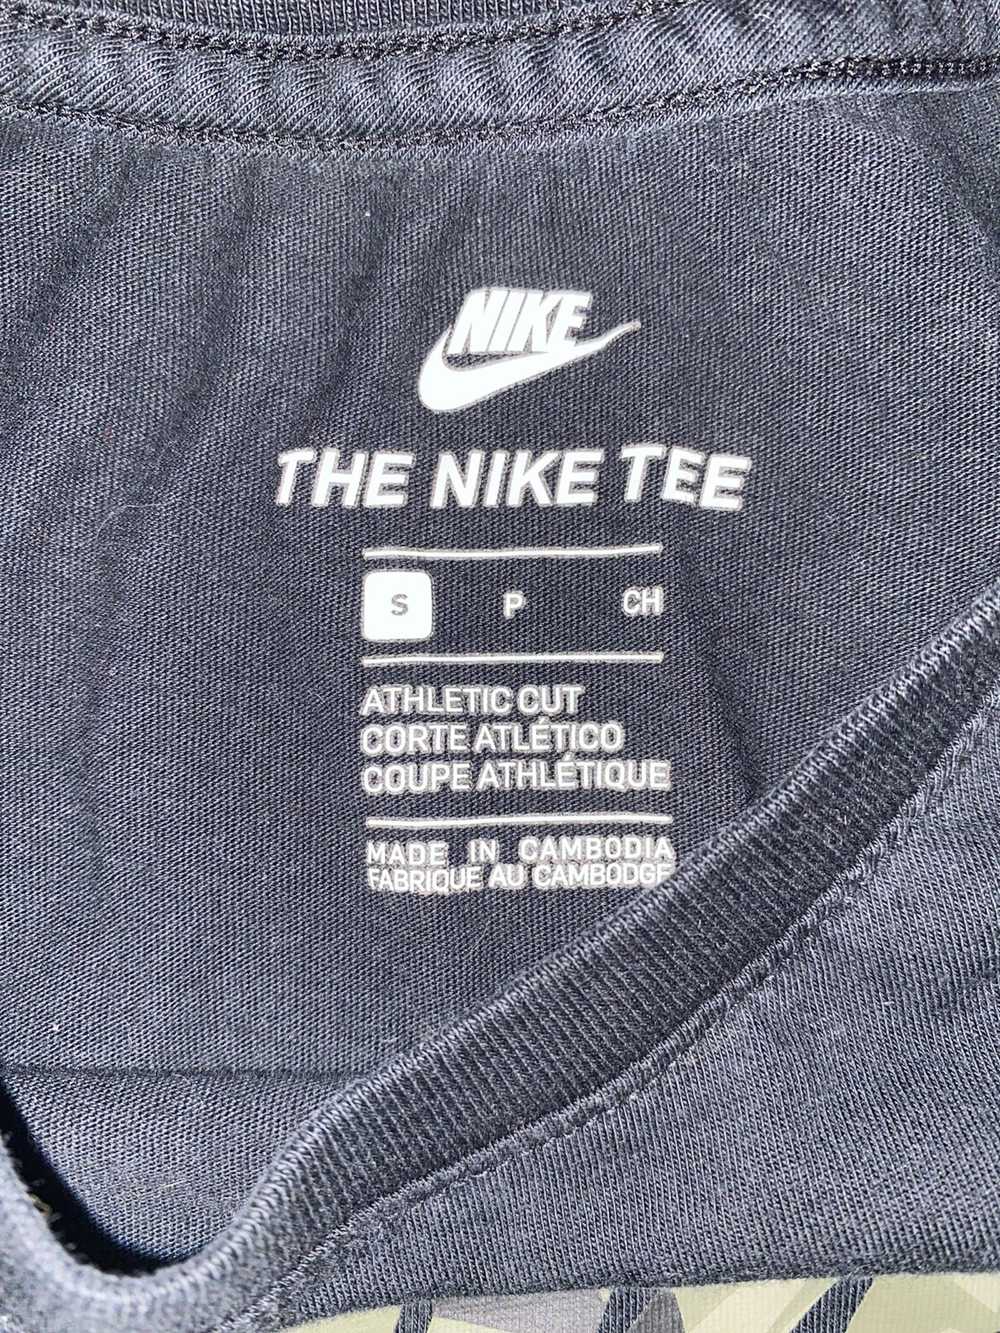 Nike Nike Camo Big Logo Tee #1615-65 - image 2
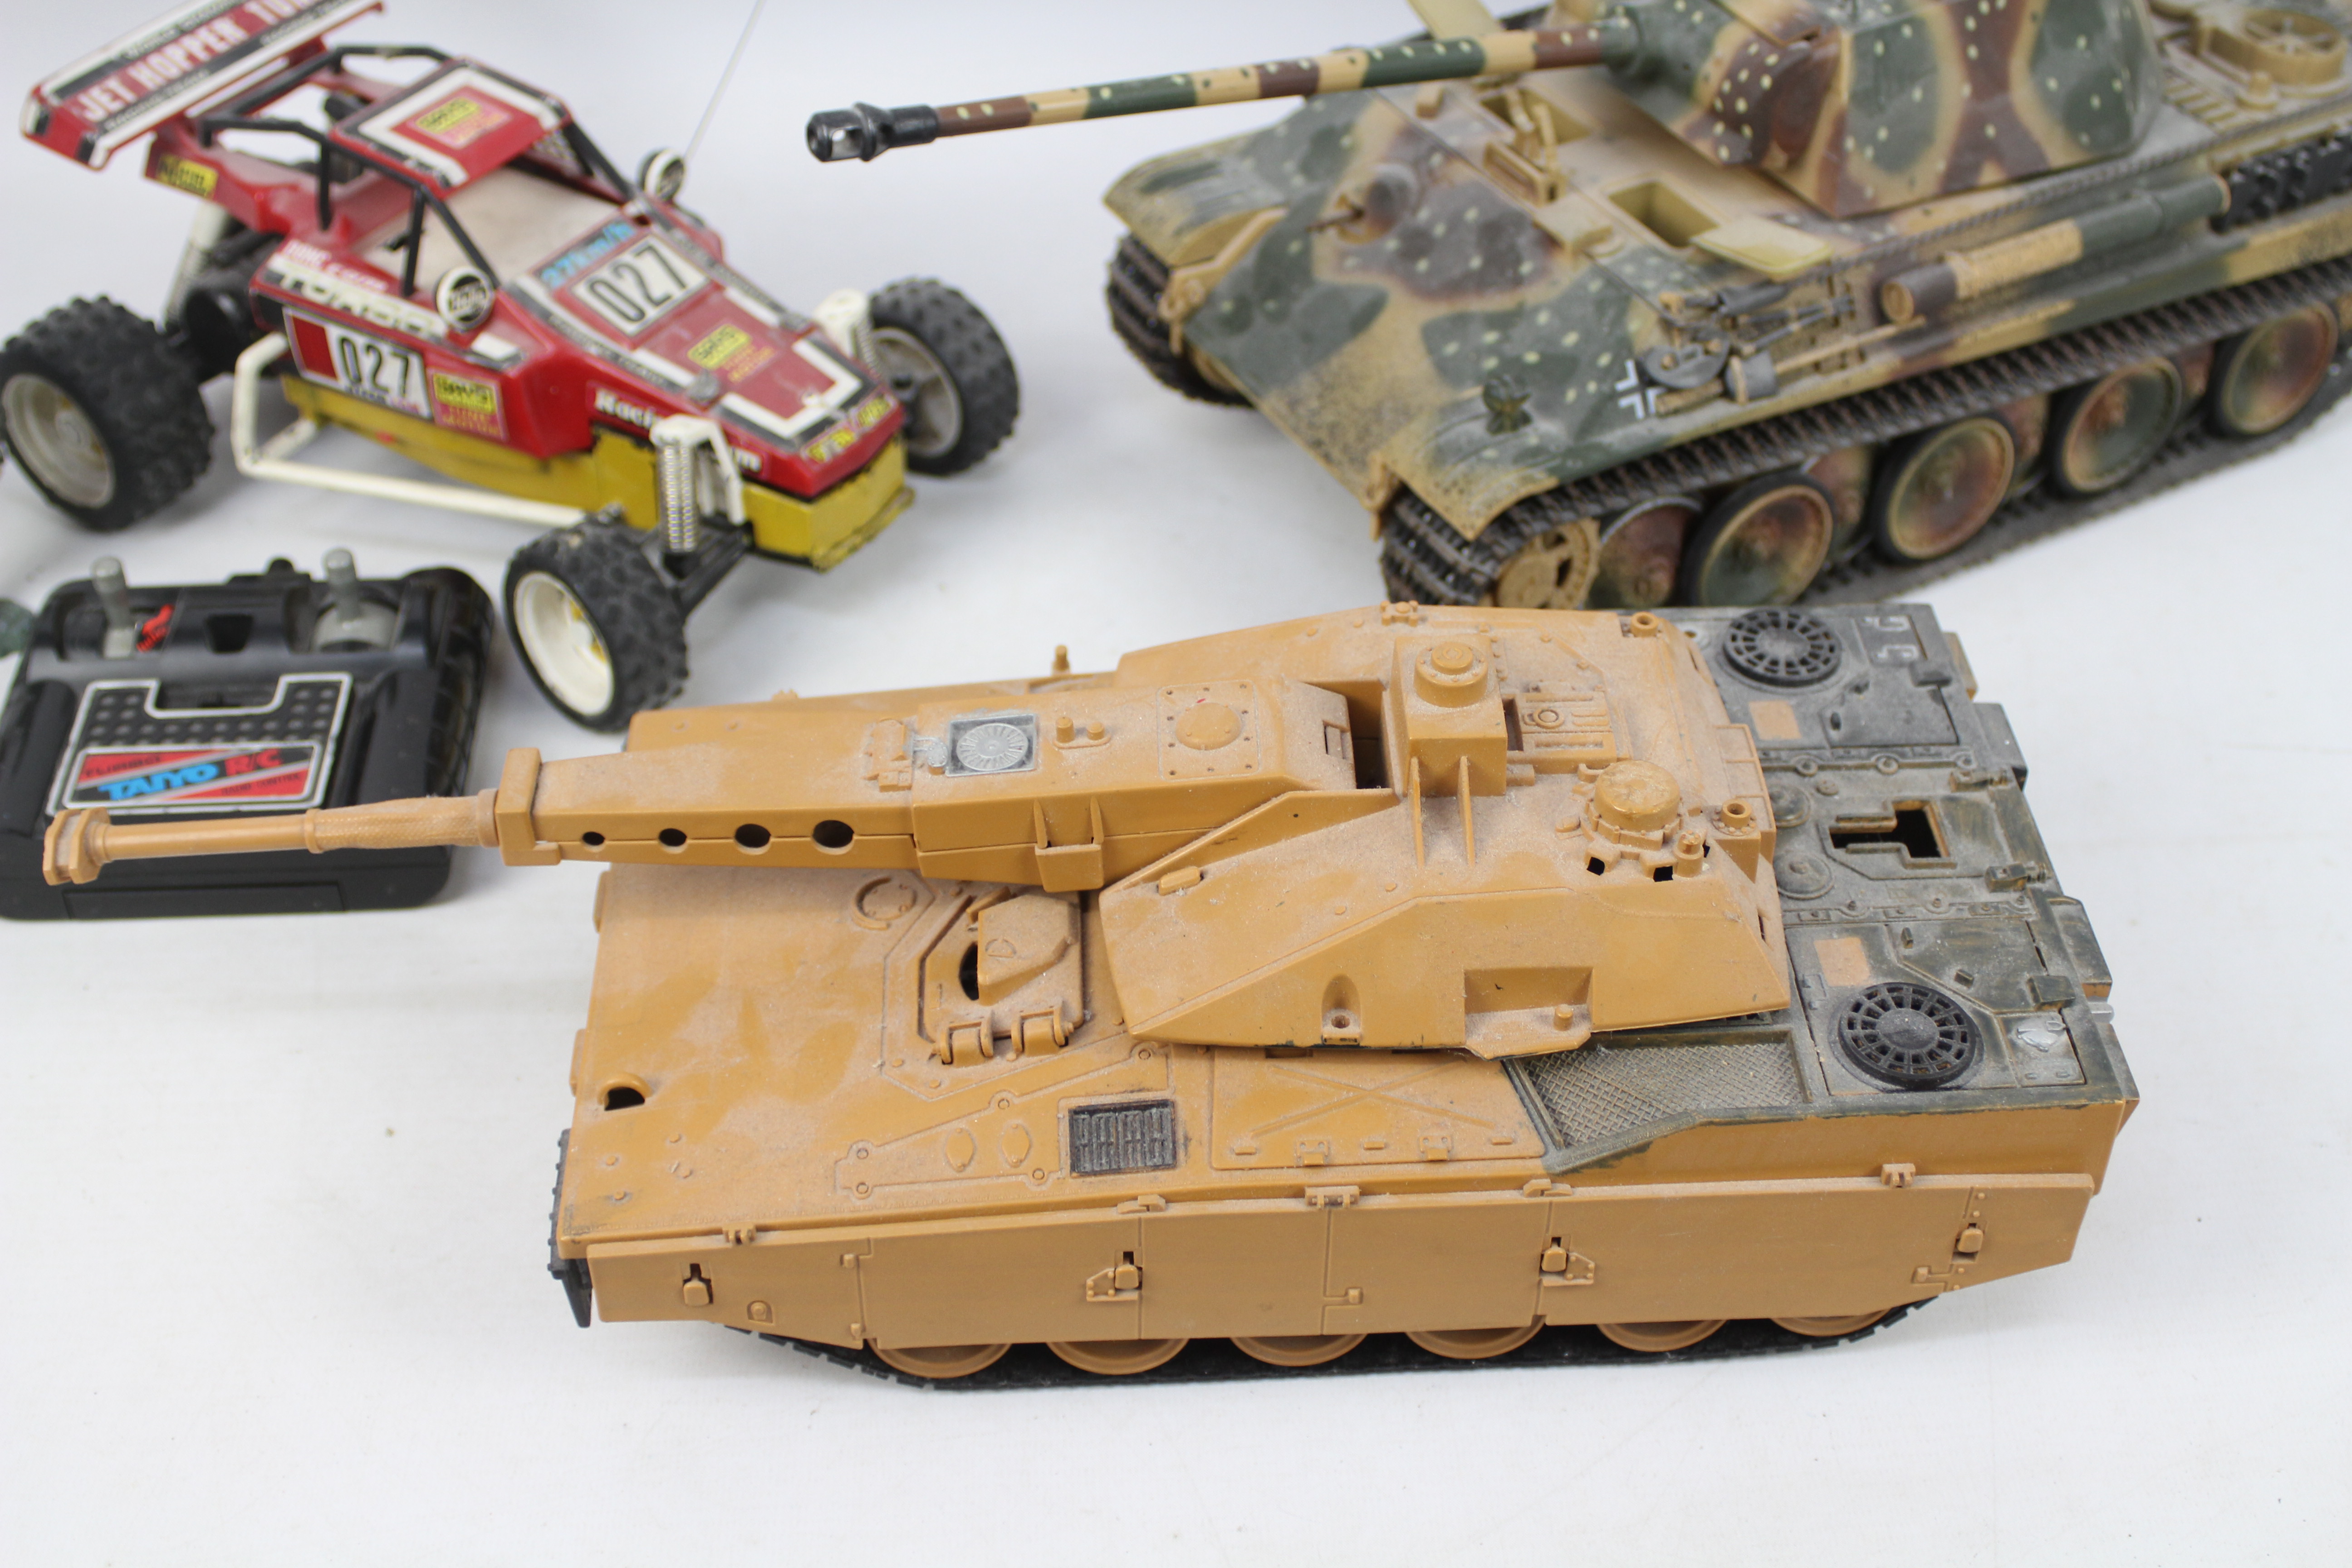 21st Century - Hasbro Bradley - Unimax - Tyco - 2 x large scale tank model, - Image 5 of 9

====================

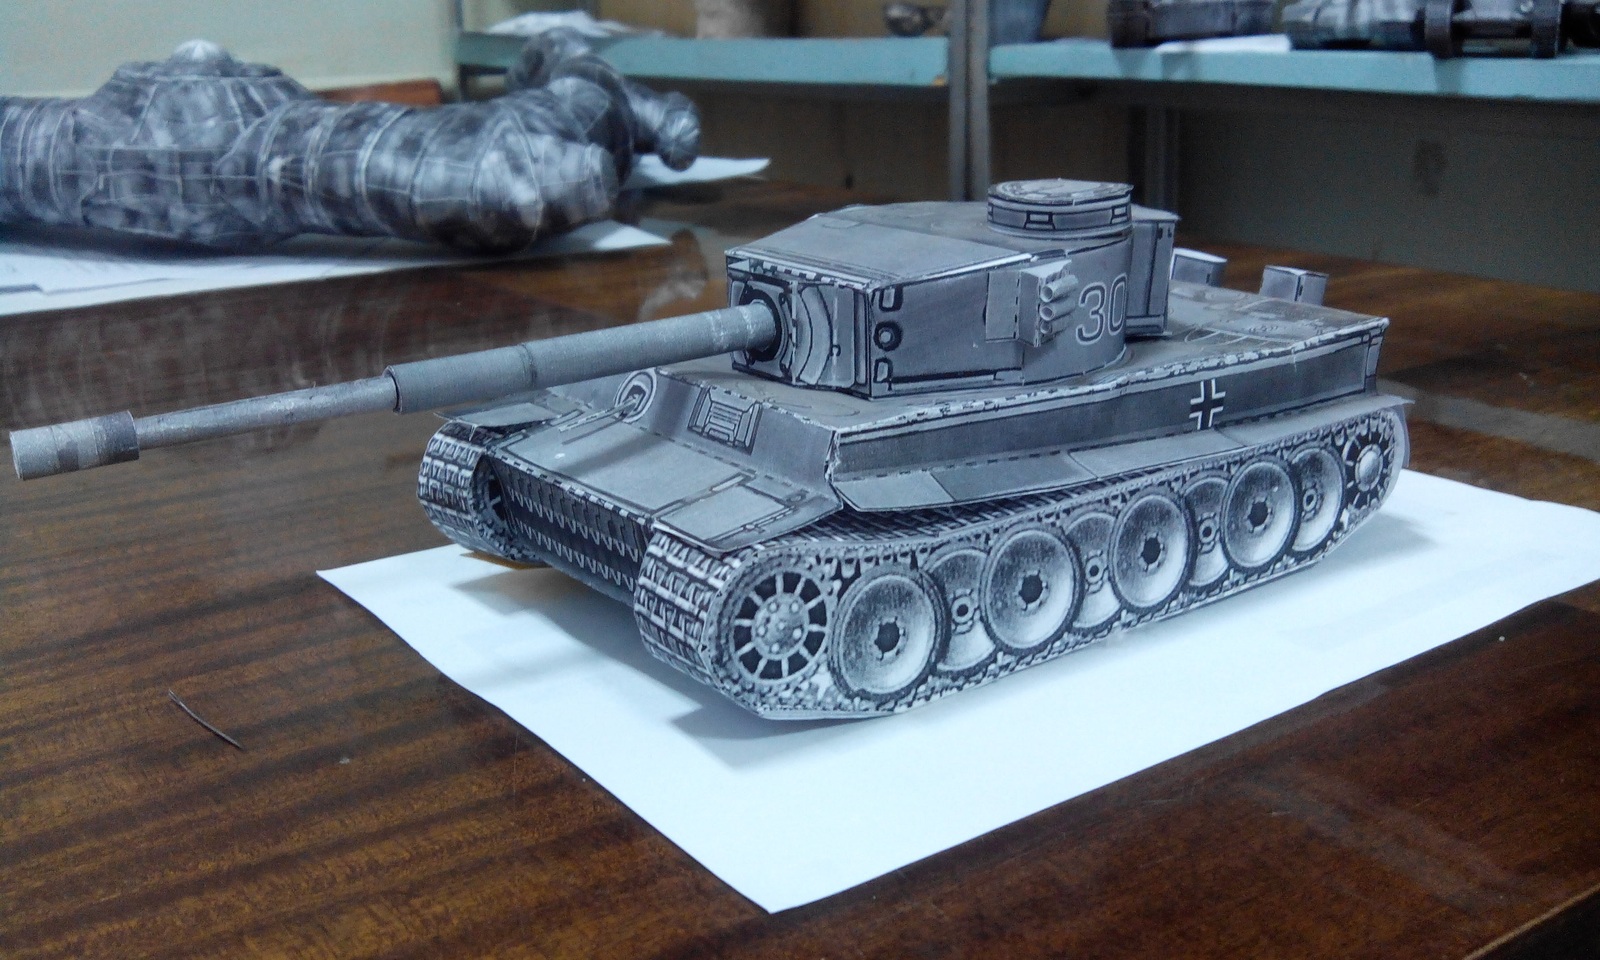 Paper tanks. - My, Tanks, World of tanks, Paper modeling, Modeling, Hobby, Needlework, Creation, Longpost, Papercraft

====================

**EXERCISE PROMPT:** In the material above, the stretch from the line with "Nike Nike Camo" through the line with "21st Century - Hasbro" is to be given again exactly, minus the pictures.

**WRITTEN ANSWER:**
 Nike Nike Camo Big Logo Tee #1615-65 - image 2
 21st Century - Hasbro Bradley - Unimax - Tyco - 2 x large scale tank model, - Image 5 of 9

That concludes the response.